DATA EXCERPTS: Begin
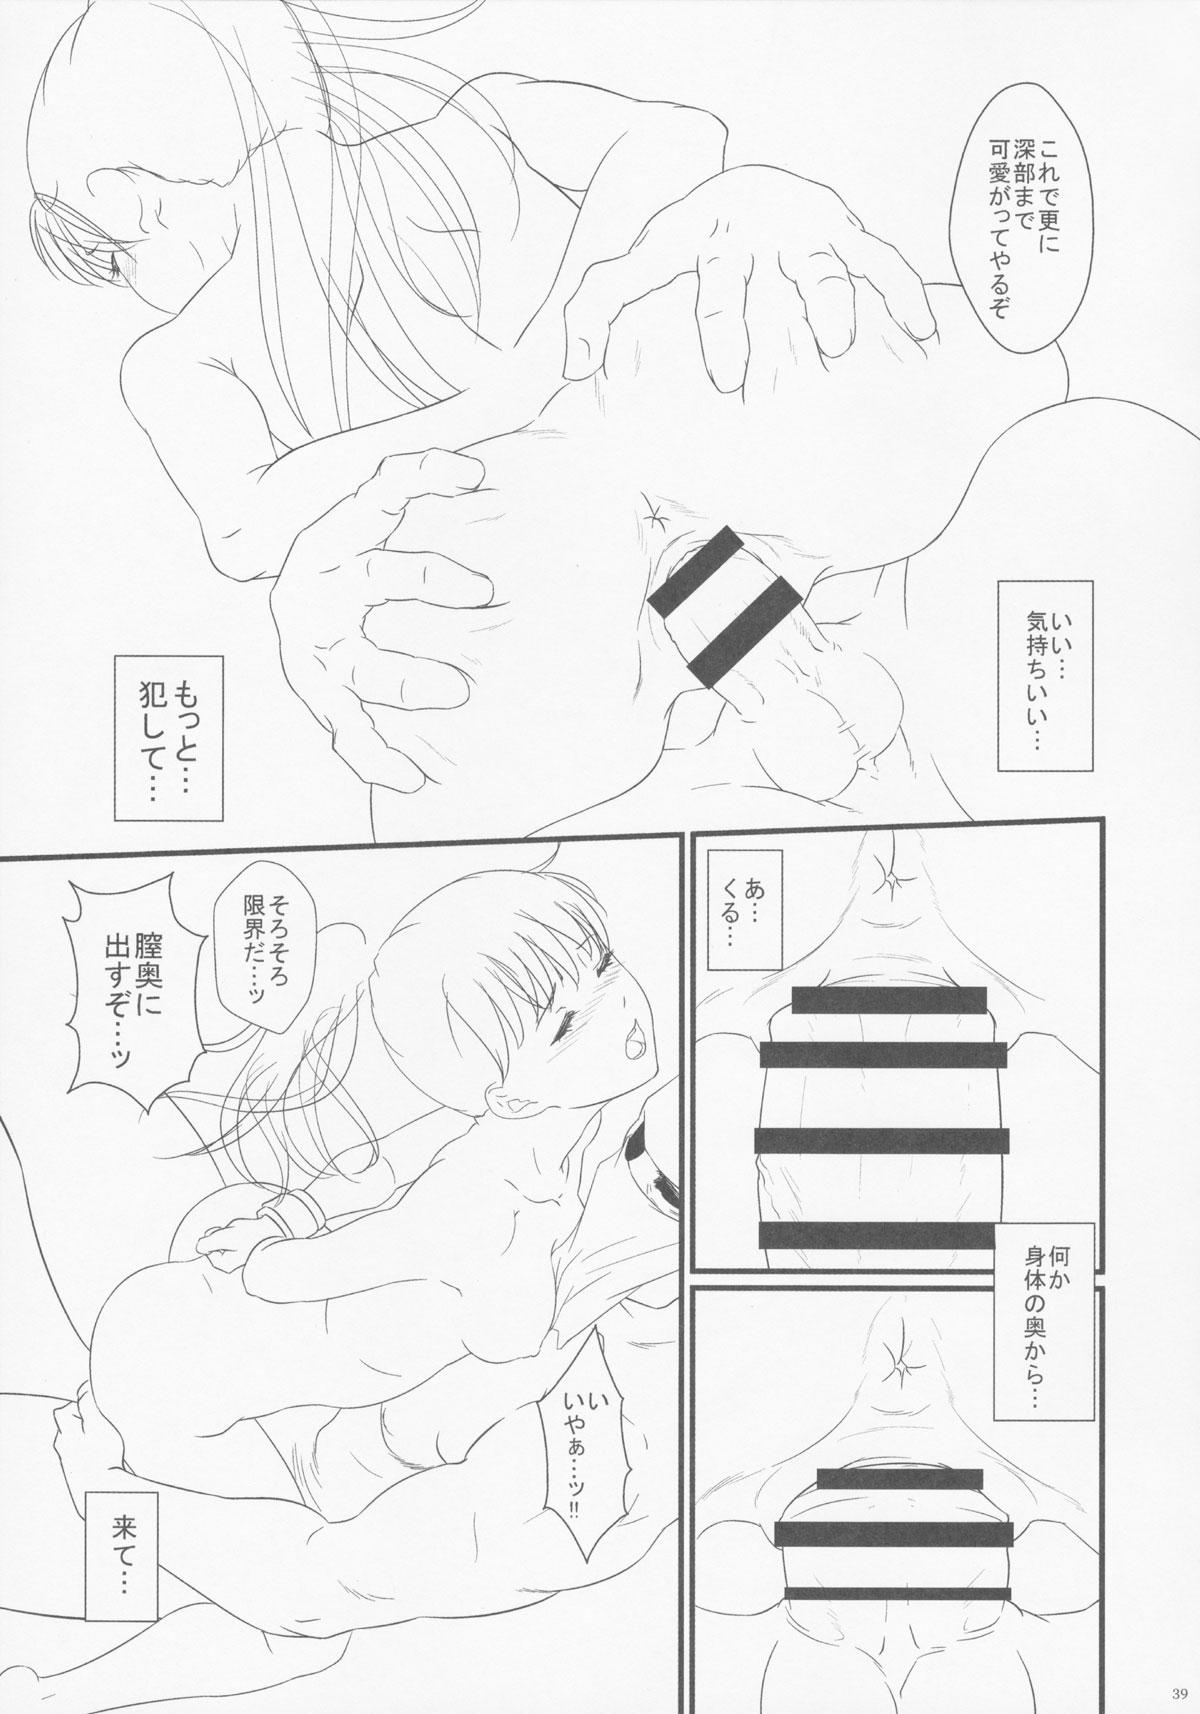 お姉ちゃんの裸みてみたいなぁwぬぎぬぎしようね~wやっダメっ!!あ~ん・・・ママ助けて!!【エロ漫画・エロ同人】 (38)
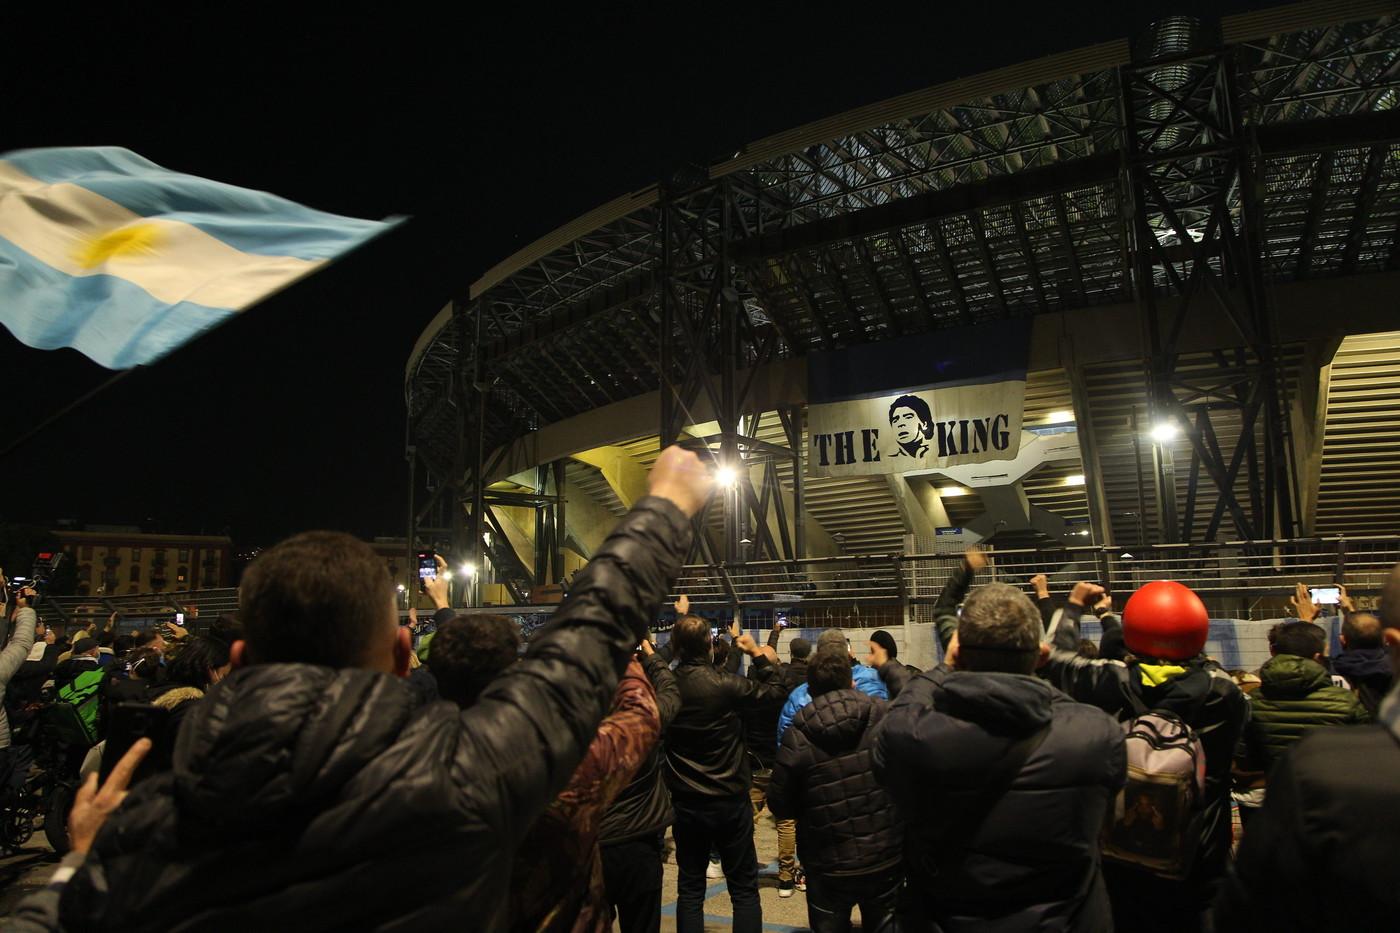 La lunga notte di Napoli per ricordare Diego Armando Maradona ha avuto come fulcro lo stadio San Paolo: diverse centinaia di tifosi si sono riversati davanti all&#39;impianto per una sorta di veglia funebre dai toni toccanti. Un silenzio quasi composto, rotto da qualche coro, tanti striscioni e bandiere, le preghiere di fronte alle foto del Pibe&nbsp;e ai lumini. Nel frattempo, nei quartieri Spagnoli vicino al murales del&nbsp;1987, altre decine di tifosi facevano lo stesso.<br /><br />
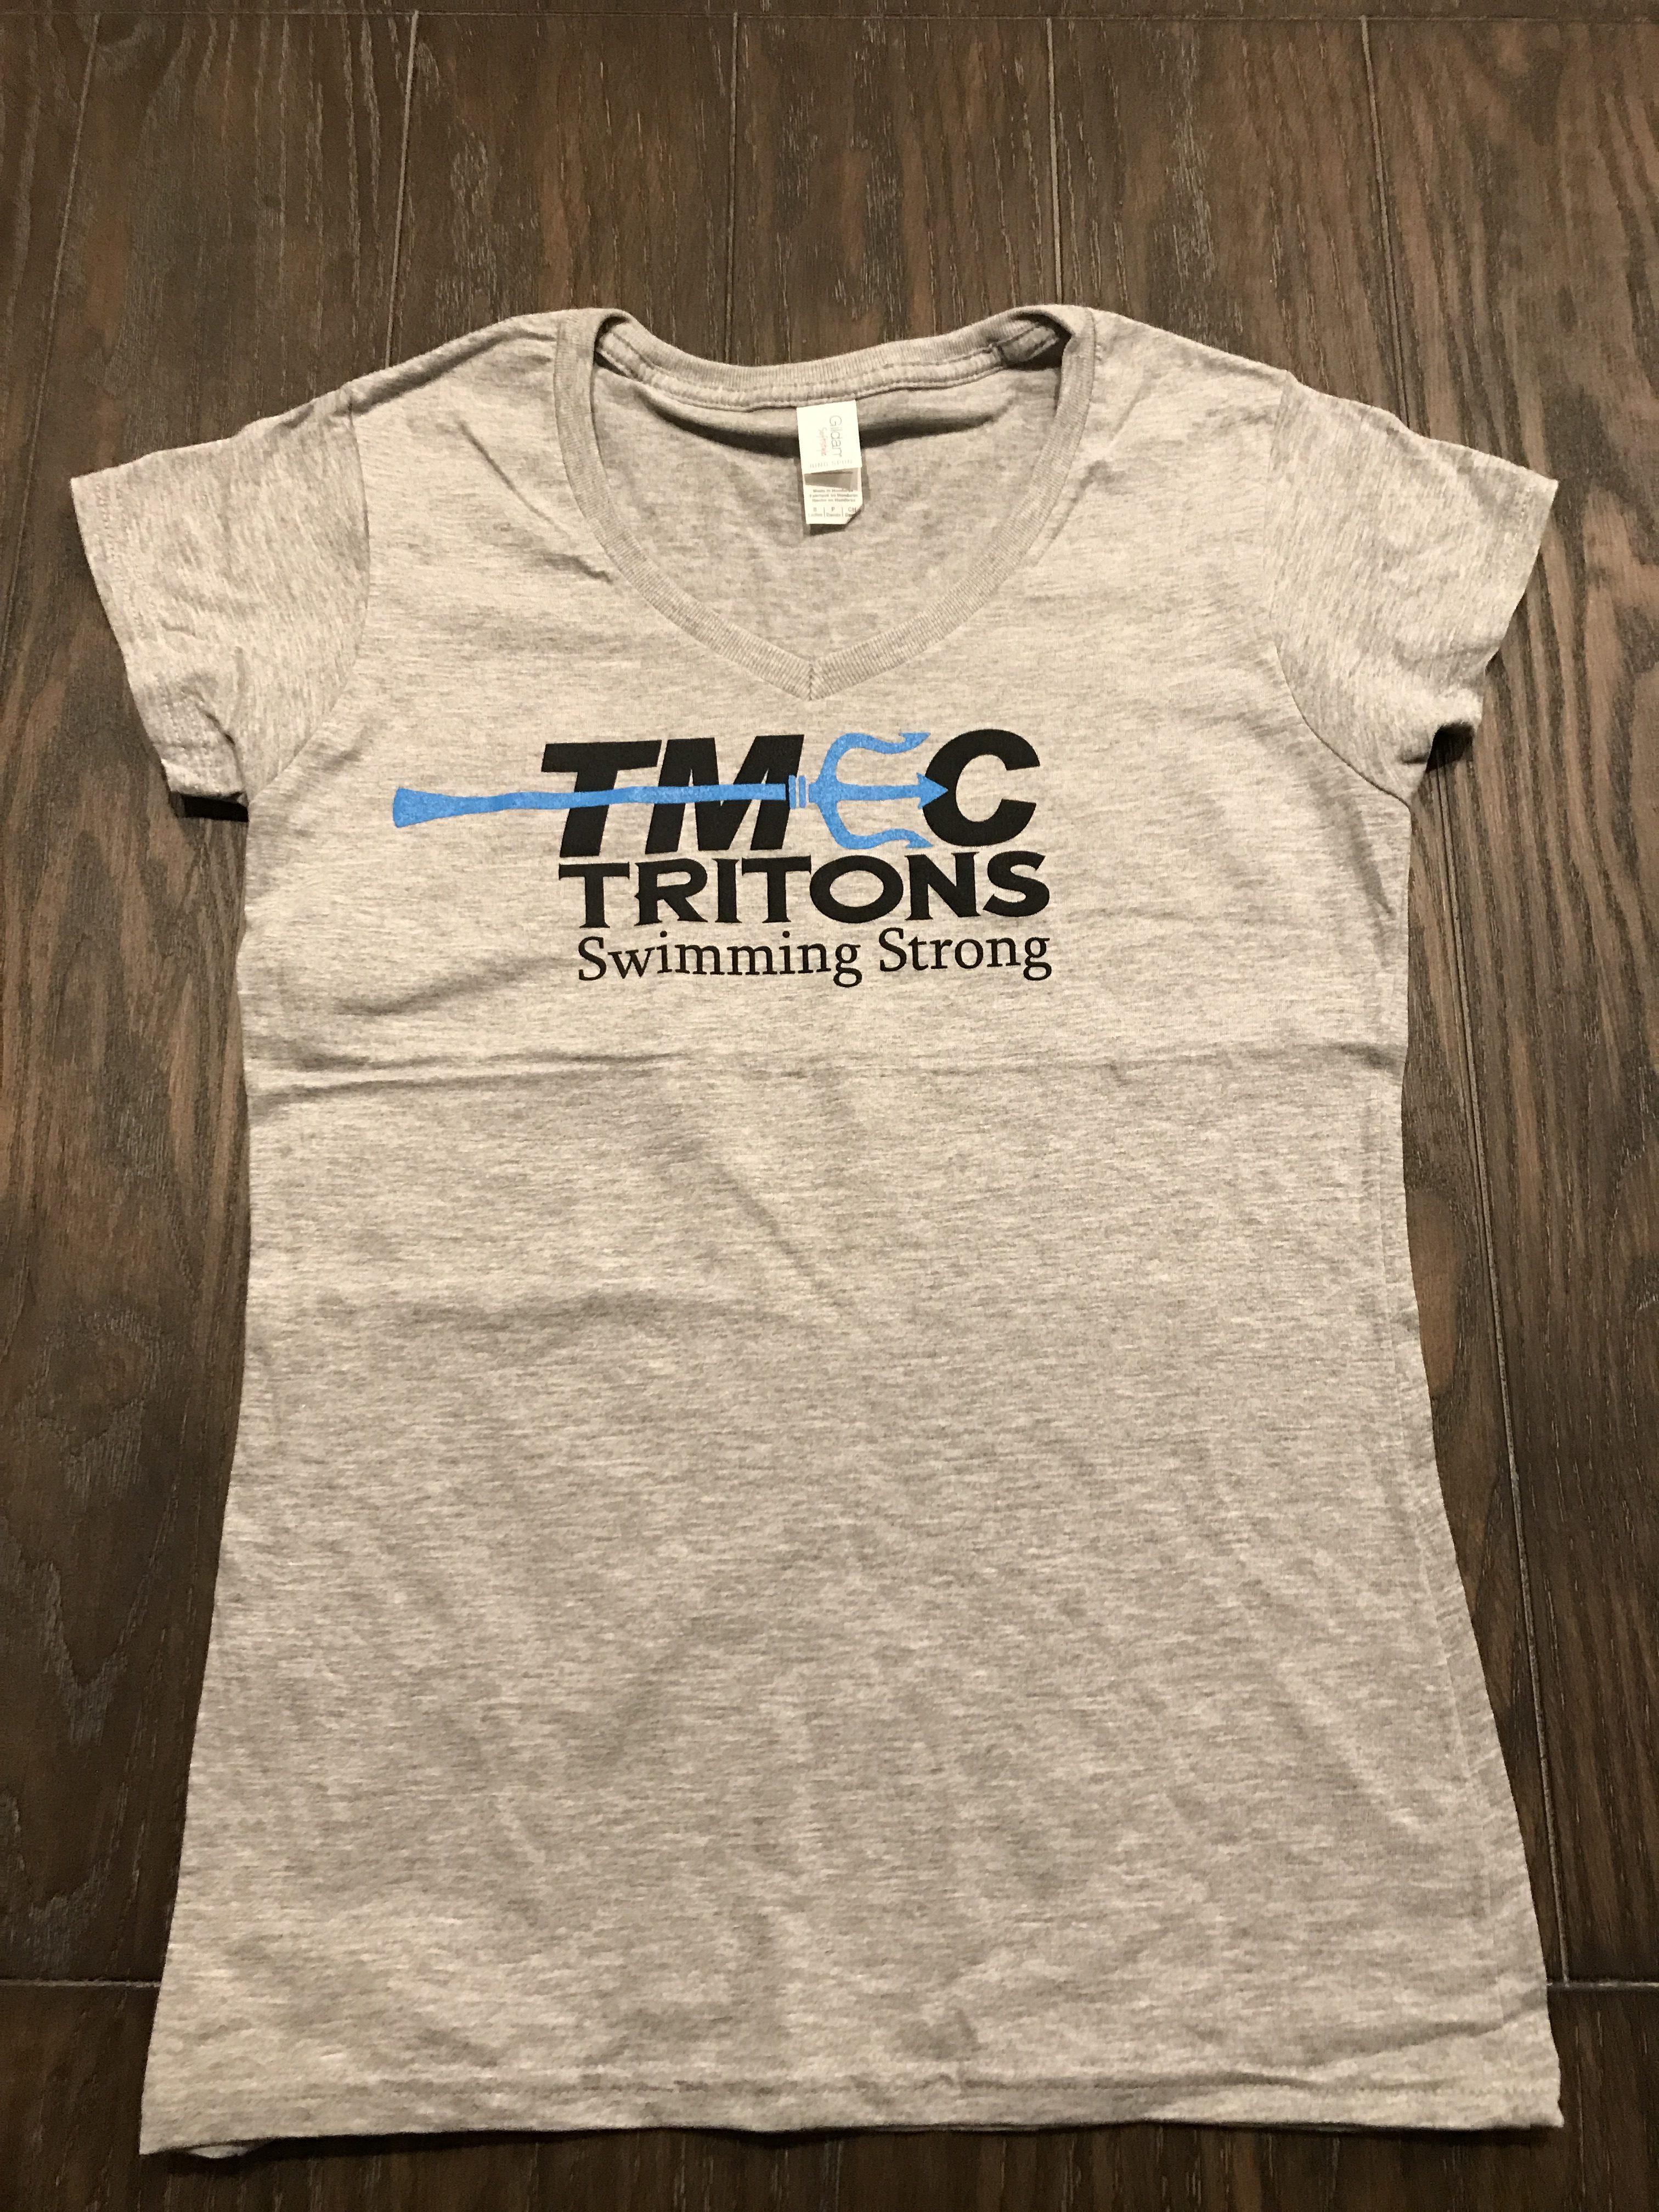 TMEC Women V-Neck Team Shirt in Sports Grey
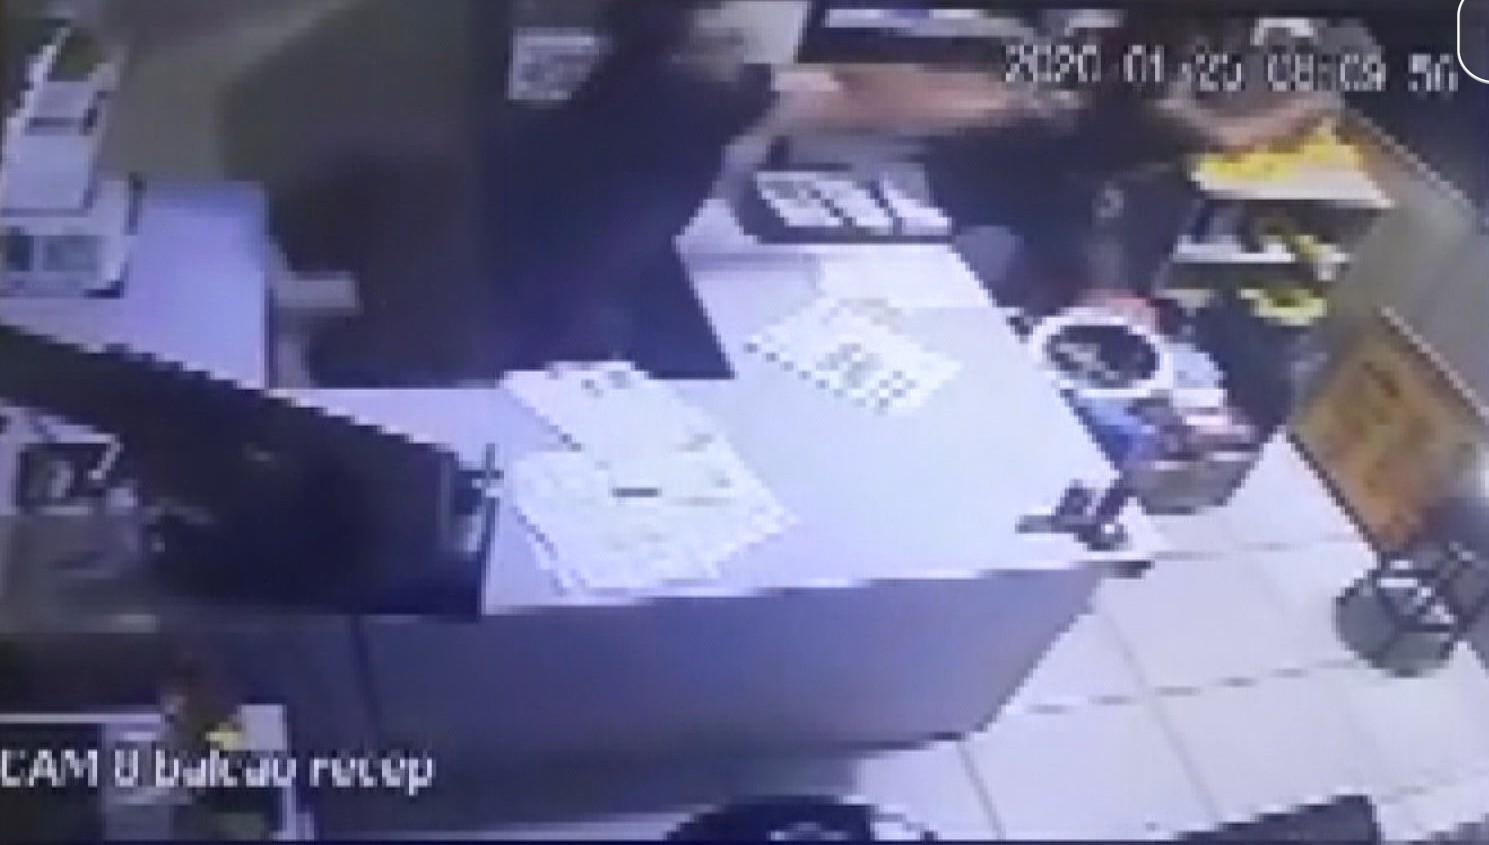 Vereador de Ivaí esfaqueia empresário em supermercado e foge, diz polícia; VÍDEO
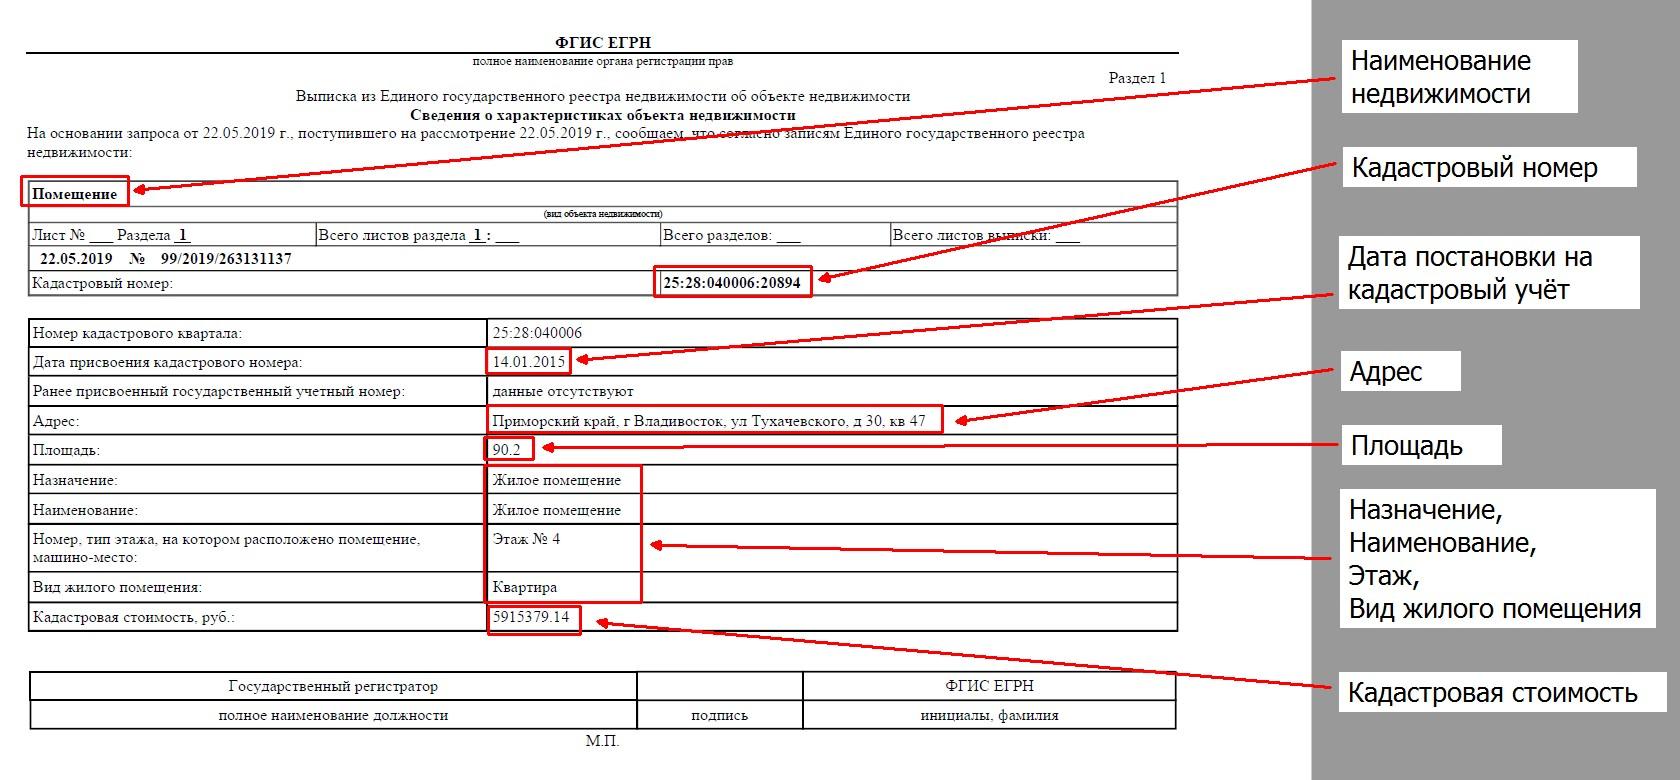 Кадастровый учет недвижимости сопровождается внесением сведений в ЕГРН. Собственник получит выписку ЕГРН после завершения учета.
DATA EXCERPTS: End
The lines to retype run from the one containing "Vereador de Ivaí" through the last line of the records above; write them exactly and skip the pictures.

 Vereador de Ivaí esfaqueia empresário em supermercado e foge, diz polícia; VÍDEO
 Кадастровый учет недвижимости сопровождается внесением сведений в ЕГРН. Собственник получит выписку ЕГРН после завершения учета.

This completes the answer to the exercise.